The first step is to create an analysis object, specifying the solution type of the problems that will be analyzed.
// initialize analysis object Analysis<SubsetSolution> analysis = new Analysis<>();
Then, the problems are added. In this example there is one problem for each
considered dataset and they all have the same entry-to-nearest-entry objective. Data is read
from CSV files using the CoreSubsetFileReader
which is included in the full
source code
of example 1A where the corresponding data type
CoreSubsetData
is also defined. The implementation of the
EntryToNearestEntryObjective
is described in example 1C.
The size of the constructed core is determined relative to the size of the full dataset by specifying a fixed selection ratio (e.g. 0.2). Every analyzed problem needs to be assigned a unique ID (string). Here, the file name is used as the ID (without directories and without extension).
// set input file paths List<String> filePaths = Arrays.asList("my/input/file1.csv", "my/input/file2.csv", ...); // read datasets CoreSubsetFileReader reader = new CoreSubsetFileReader(); List<CoreSubsetData> datasets = new ArrayList<>(); for(String filePath : filePaths){ datasets.add(reader.read(filePath)); } // create objective EntryToNearestEntryObjective obj = new EntryToNearestEntryObjective(); // set selection ratio double selRatio = 0.2; // add problems (one per dataset) for(int d = 0; d < datasets.size(); d++){ // create problem CoreSubsetData data = datasets.get(d); int coreSize = (int) Math.round(selRatio * data.getIDs().size()); SubsetProblem<CoreSubsetData> problem = new SubsetProblem<>(data, obj, coreSize); // set problem ID to file name (without directories and without extension) String path = filePaths.get(d); String filename = new File(path).getName(); String id = filename.substring(0, filename.lastIndexOf(".")); // add problem to analysis analysis.addProblem(id, problem); }
Ten Metropolis searches are then added to the analysis, each with a unique ID and different fixed temperature,
equally spread across a given interval [minTemp, maxTemp]
. Note that the method
addSearch(id, searchFactory)
requires to specify a search factory.
This is because each algorithm will be executed several times and for each such run a new search
instance is created, using the given factory. The search factory interface is a functional interface
with a single method create(problem)
to create a search that solves the given problem.
A search factory can therefore easily be specified with a Java 8 lambda expression, as in the example
code below. The same stop criterion is used here for every generated search (maximum runtime of 5 minutes).
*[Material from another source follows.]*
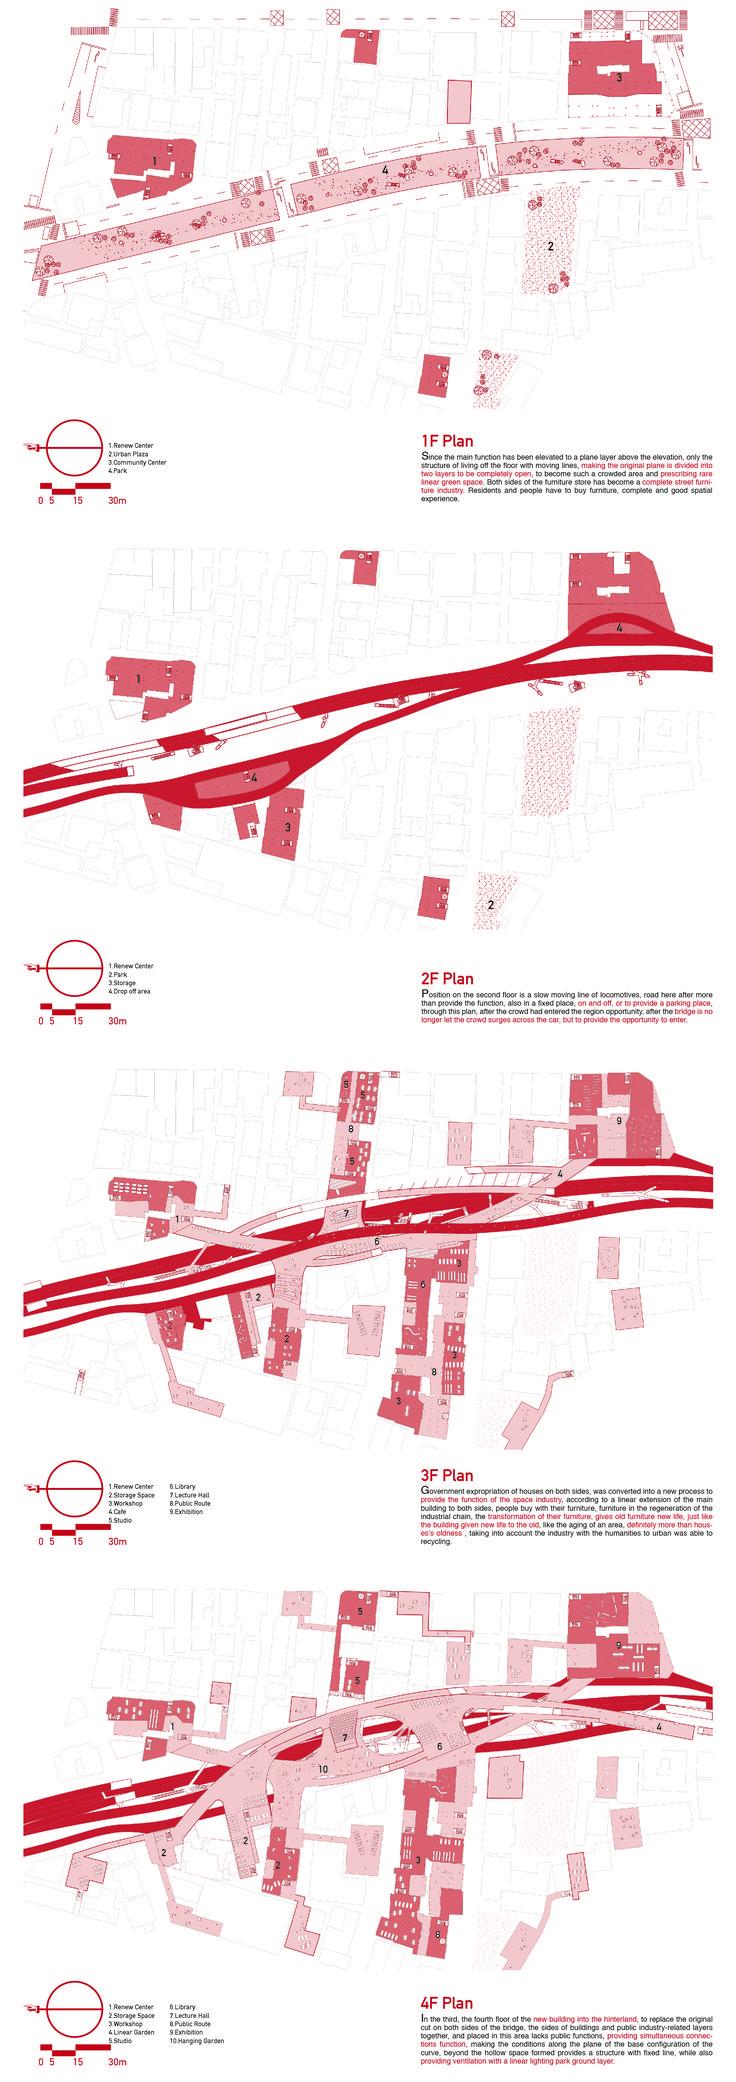 Architecture Diagram / Plan By Huai-Kuan, Zhong

// create stop criterion long timeLimit = 300; StopCriterion stopCrit = new MaxRuntime(timeLimit, TimeUnit.SECONDS); // set temperature range double minTemp = ... double maxTemp = ... // set number of Metropolis searches int numSearches = 10; // create and add searches double tempDelta = (maxTemp - minTemp)/(numSearches - 1); for(int s = 0; s < numSearches; s++){ // set temperature double temp = minTemp + s * tempDelta; // add Metropolis search String id = "MS-" + (s+1); analysis.addSearch(id, problem -> { Search<SubsetSolution> ms = new MetropolisSearch<>(problem, new SingleSwapNeighbourhood(), temp); ms.addStopCriterion(stopCrit); return ms; }); }
By default, every search is executed 10 times (in addition to a single burn-in run).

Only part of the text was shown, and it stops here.